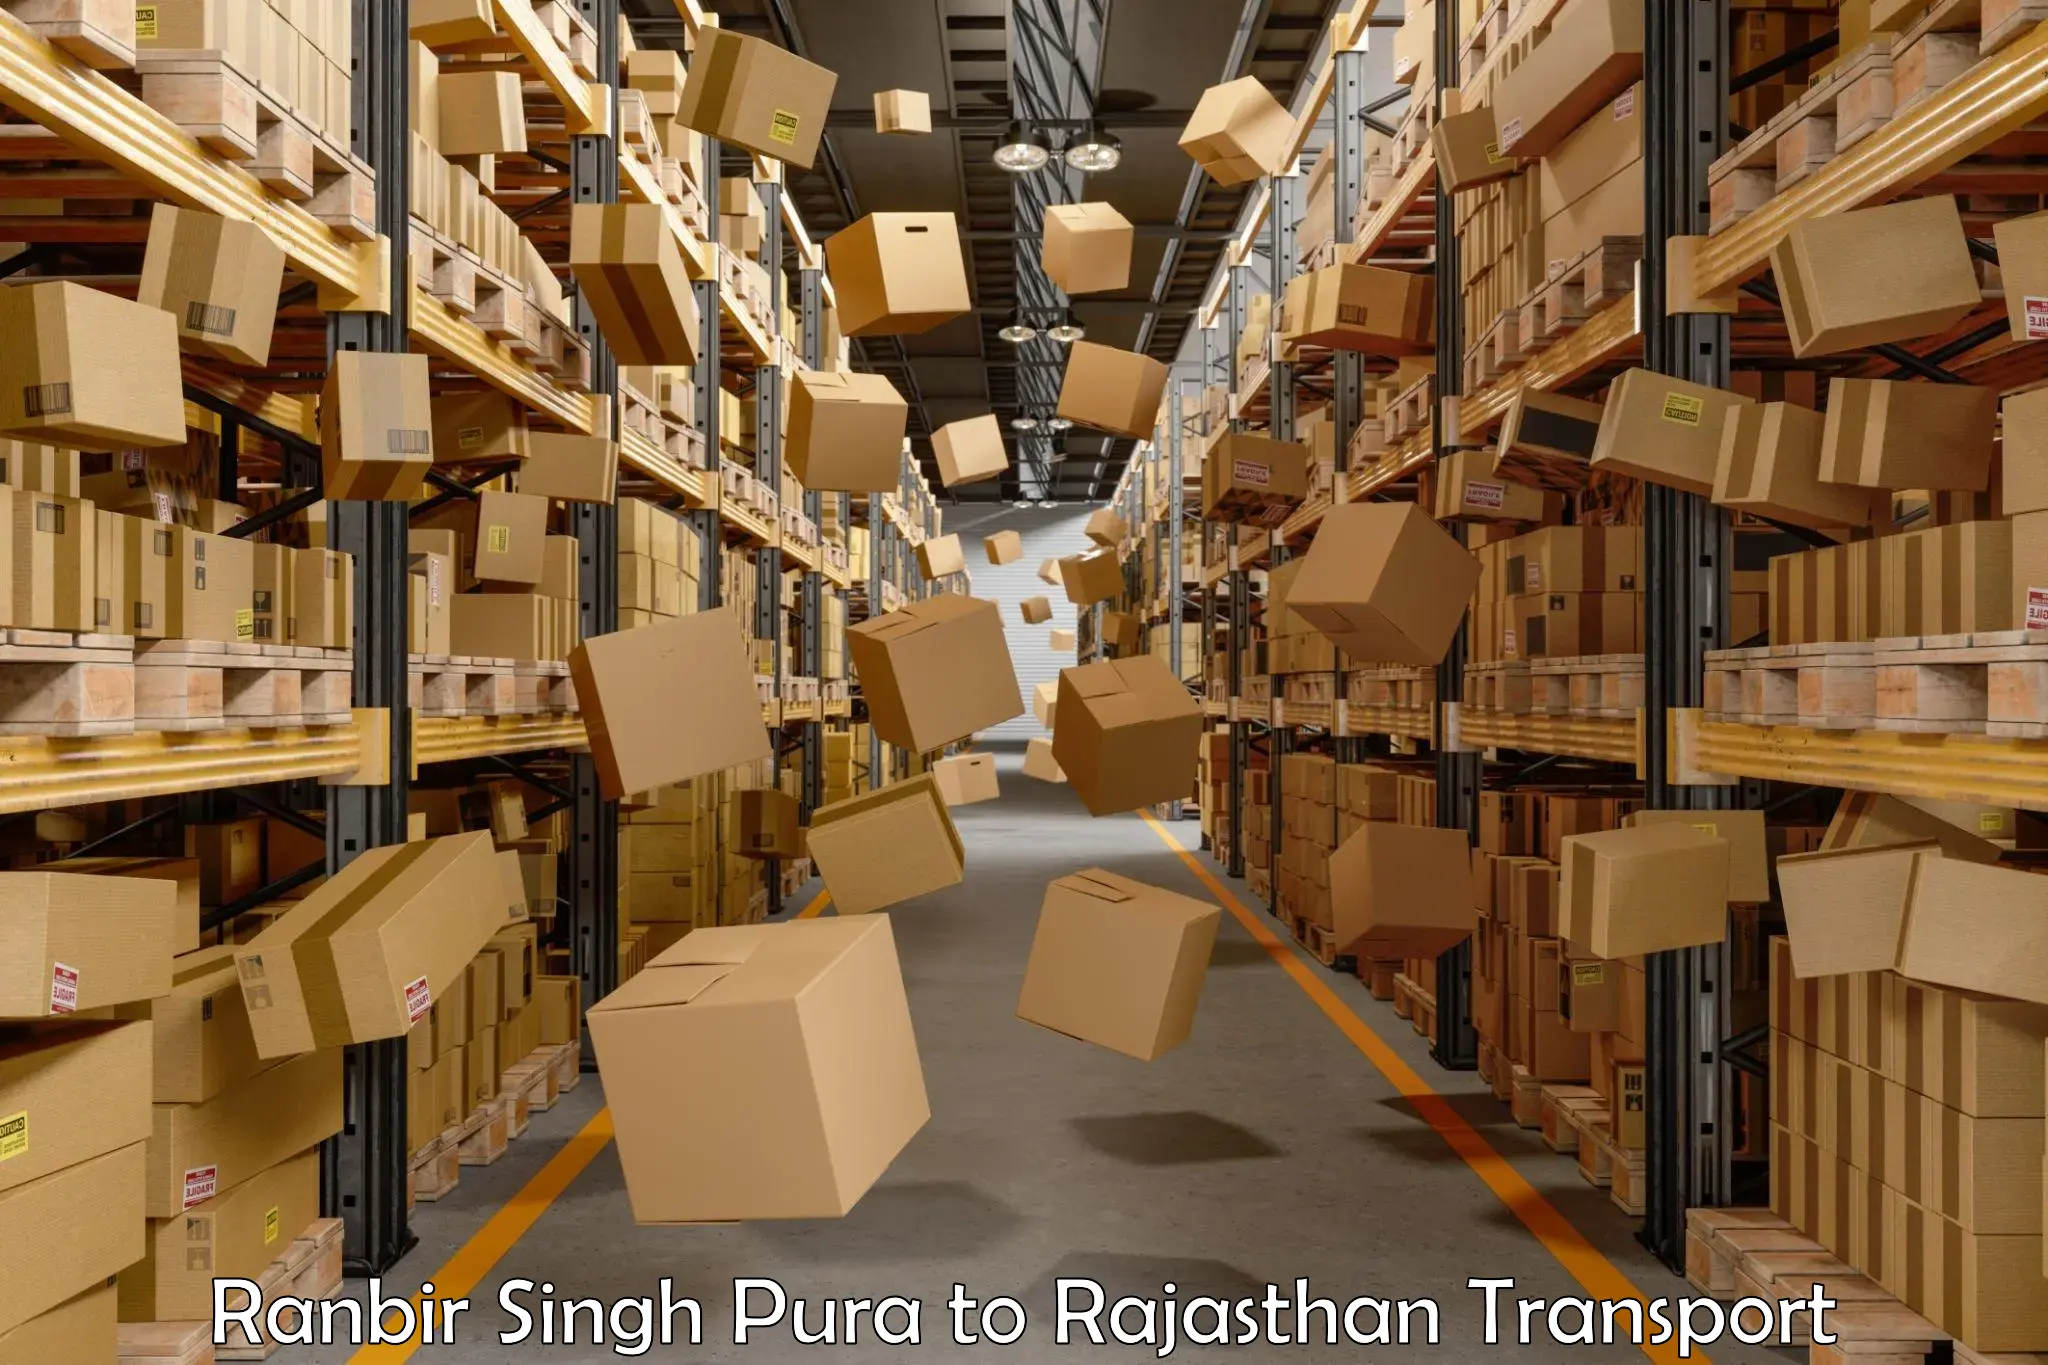 Delivery service Ranbir Singh Pura to Dholpur
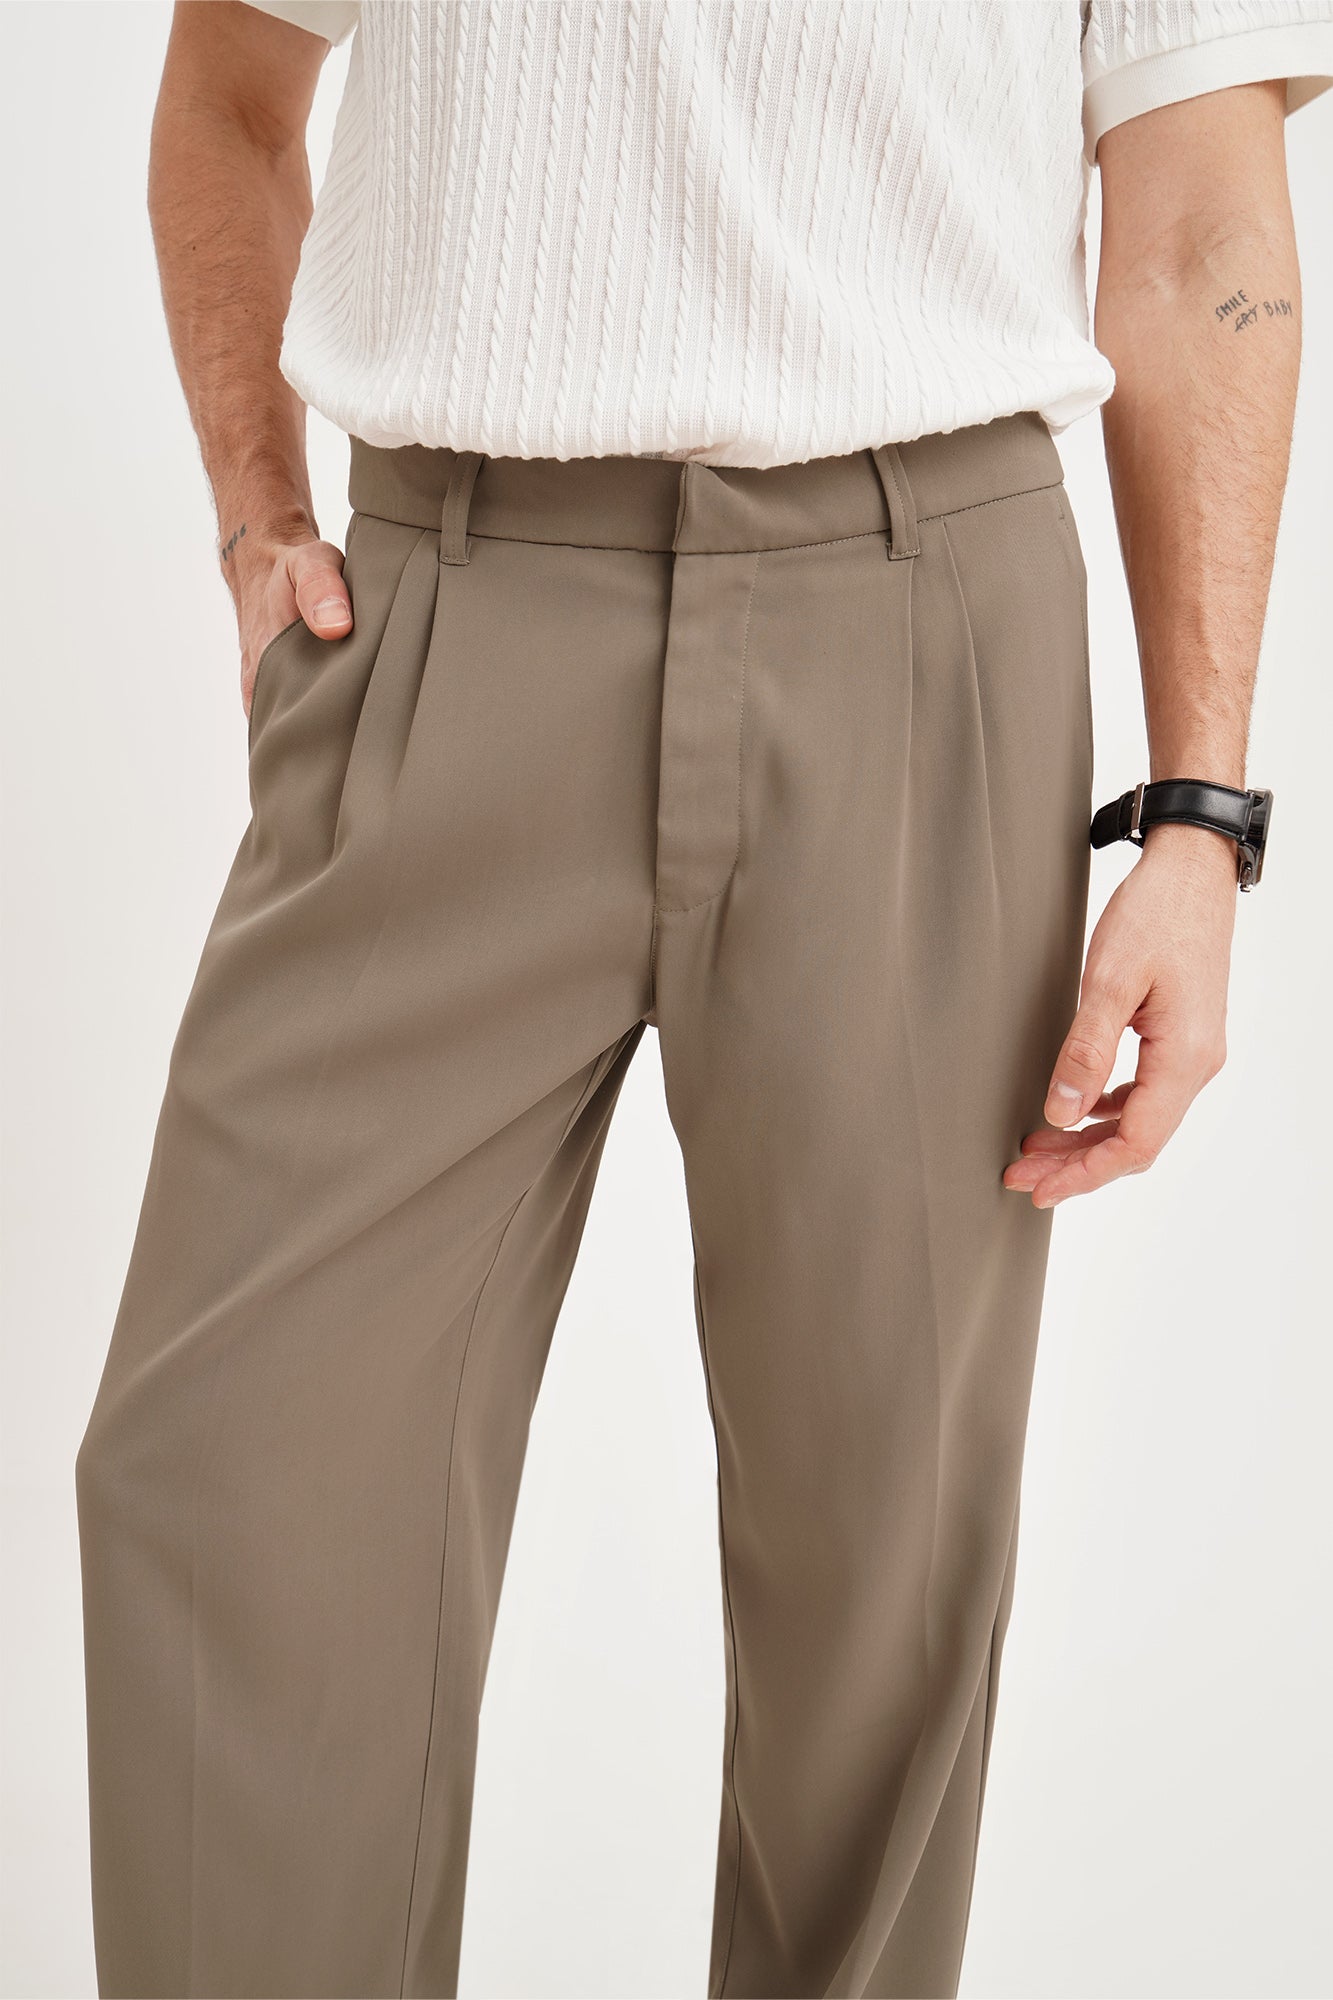 Proper Cloth Casual Pants: Types of Fit - Proper Cloth Help
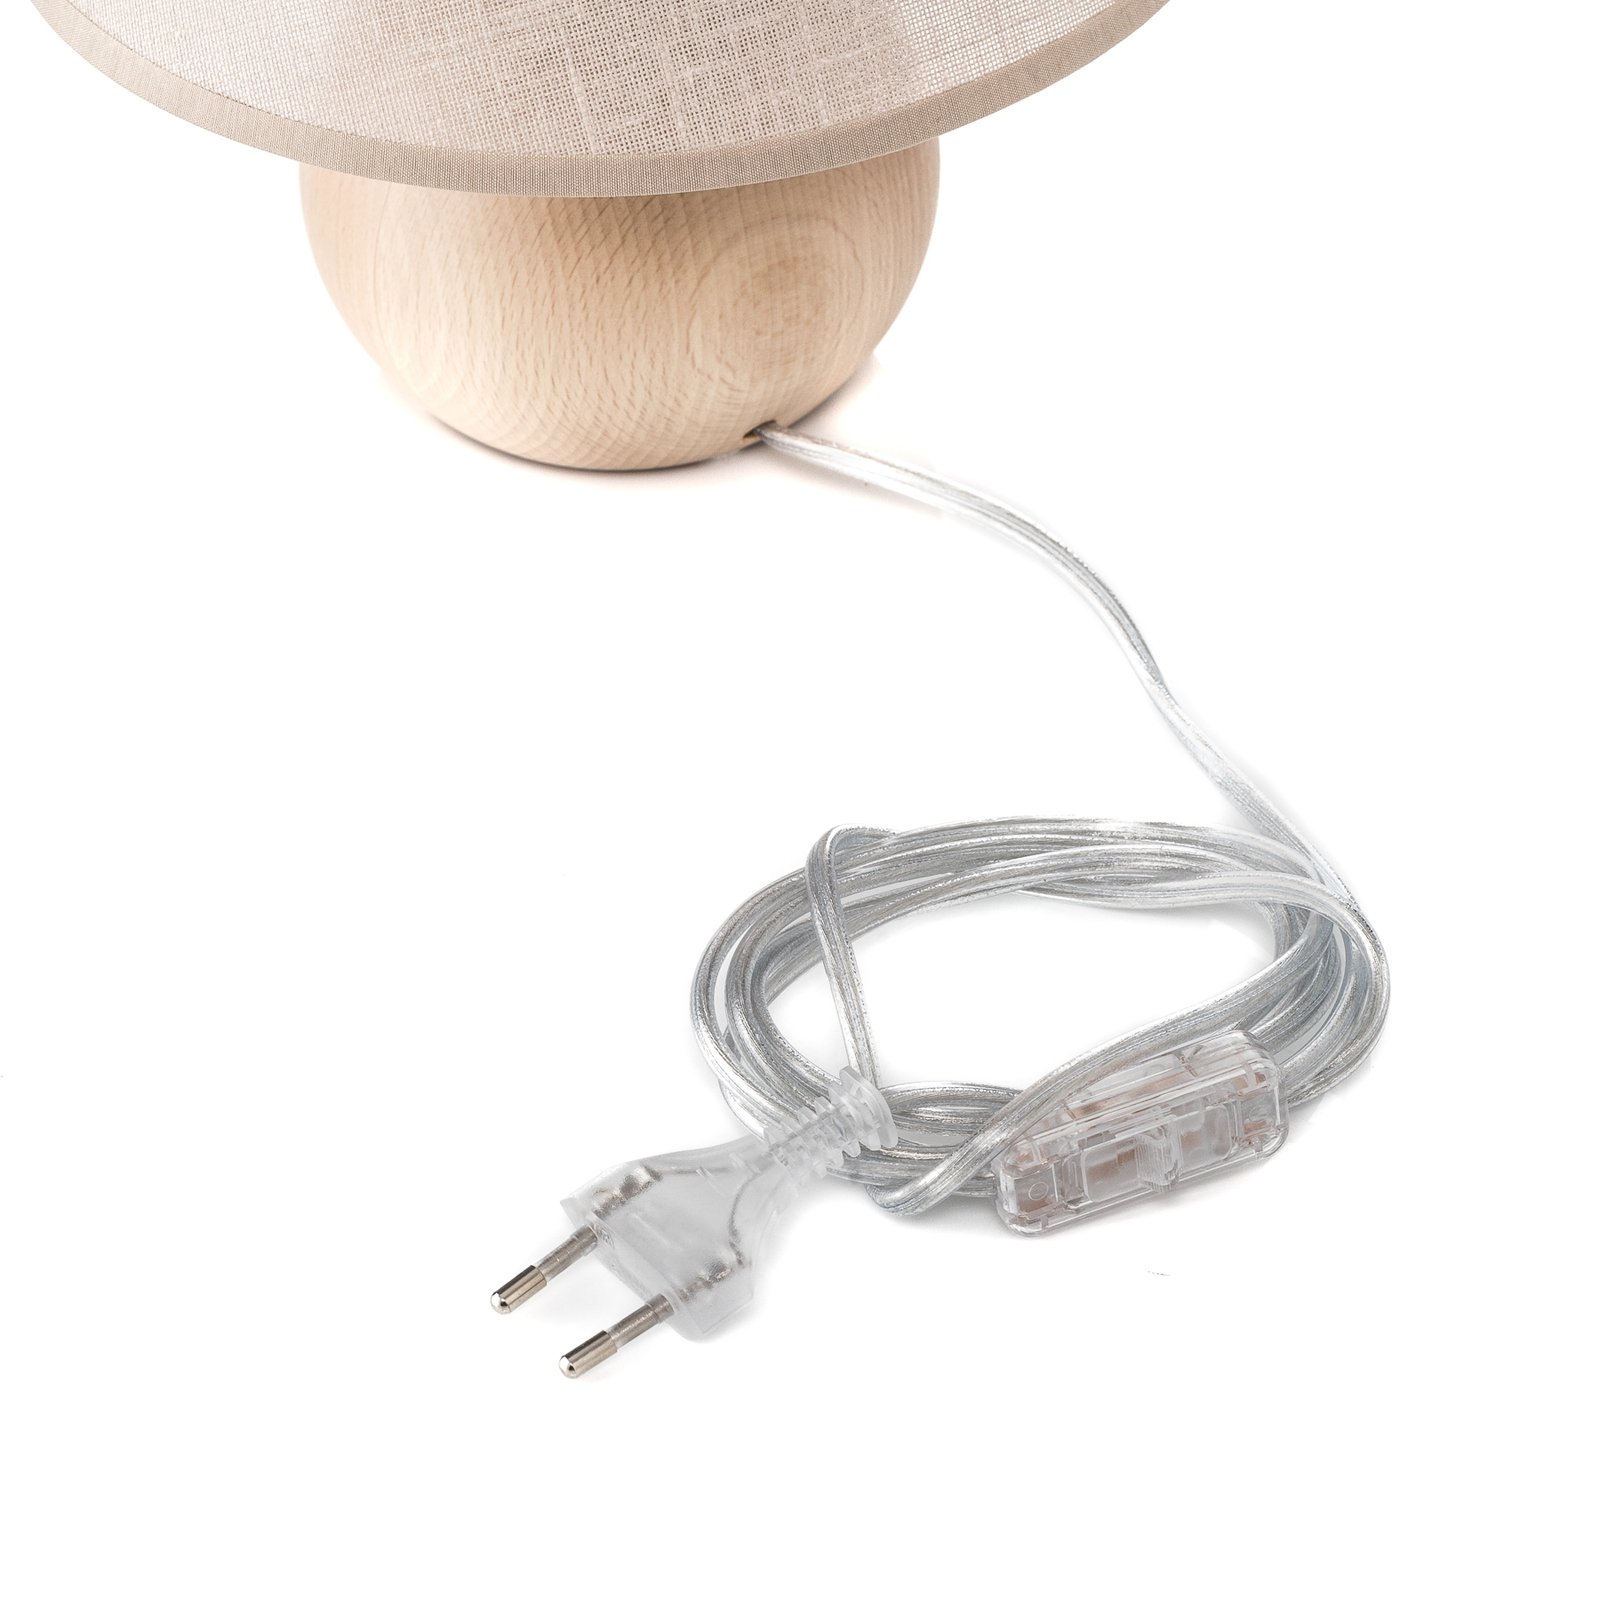 Envostar Gill stolní lampa, dřevo přírodní/béžová
........
» Exercise aim: Starting at the line that holds "Proper Cloth Casual", copy each line exactly through the end of the listing, both ends included. Leave the pictures out.

» Exercise result:
 Proper Cloth Casual Pants: Types of Fit - Proper Cloth Help
 Envostar Gill stolní lampa, dřevo přírodní/béžová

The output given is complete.